Valve Index and Valve Knuckles are arriving May 2019. This is the next generation of VR that desktop VR users have been waiting for. This story is also about how Oculus dramatically failed with the new Oculus Rift S. Thank goodness the Valve Index is almost here: The Oculus Rift S ($399) is a terrible product for the price, it’s a backwards step for Oculus, it costs more than the original Oculus Rift ($349) and the quality is significantly worse.

The Rift S is just not a good value compared to the original Rift. A lot of folks at Oculus know this is true, including the Oculus executives pushing the rational for it while looking defensive in video interviews about it. Even the journalists who write about Oculus look they they are holding back from telling you what a shitty product the Oculus Rift S is compared to it’s less expensive but superior predecessor.

Valve Index exhibits their manual adjustable IPD in contrast to the Rift S automatic smaller IPD

In the preview image for the Valve Index that appeared online tonight it appears that Valve has made a point to show that it has a manual IPD adjustment. In strong contrast to the negative stories about Oculus’s automatic IPD with smaller range that accommodates 30 percent fewer people.

Valve Index Knuckles

Valve has released a teaser image on its site called the Valve index. The text reads “Upgrade your experience.
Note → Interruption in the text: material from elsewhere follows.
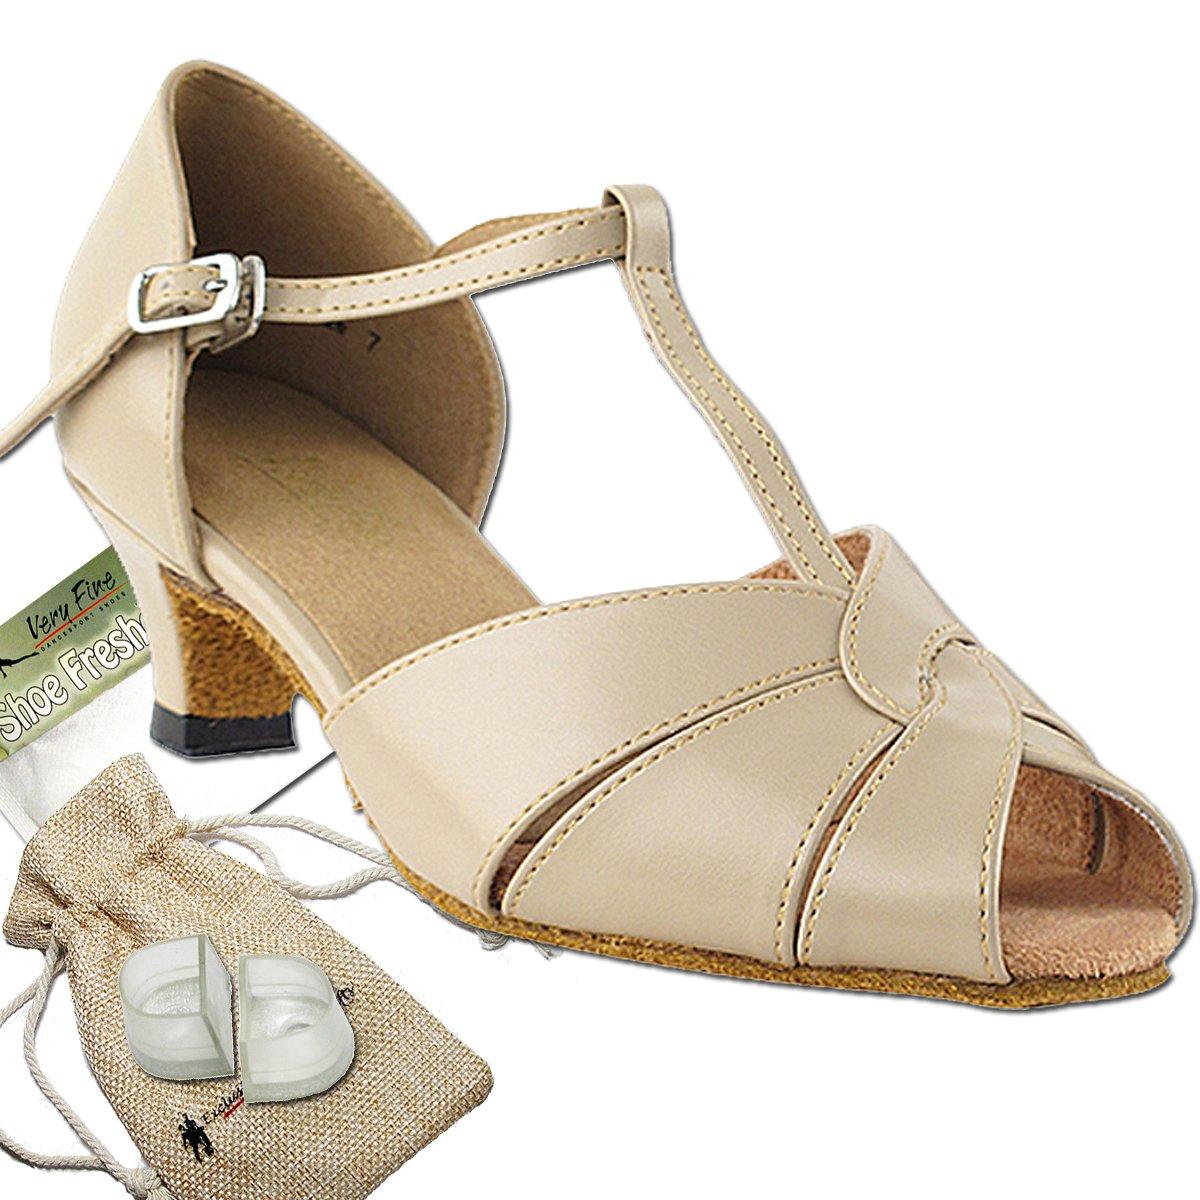 [Very Fine Shoes] レディース B0753KVFVT タンレザー 5.5 (B,M) US

May 2019”

Early product Valve index images reported by journalists last year https://imgur.com/a/nYegjQp

If you want to know why Valve Index pushes innovation in Virtual Reality, leading technology with a new vision watch a demo of Valve Index’s revolutionary new XR controller called Valve Knuckles

Valve’s Knuckles are a major example of how Valve is leading by innovating, taking risks to bring new technologies to the market.

Valve Index is bringing us the next generation of VR. To understand why the Valve Index is an upgrade to the next generation of VR you need to watch the video above.

The rest of the article is mostly devoted to trying to explain what went so wrong at Oculus.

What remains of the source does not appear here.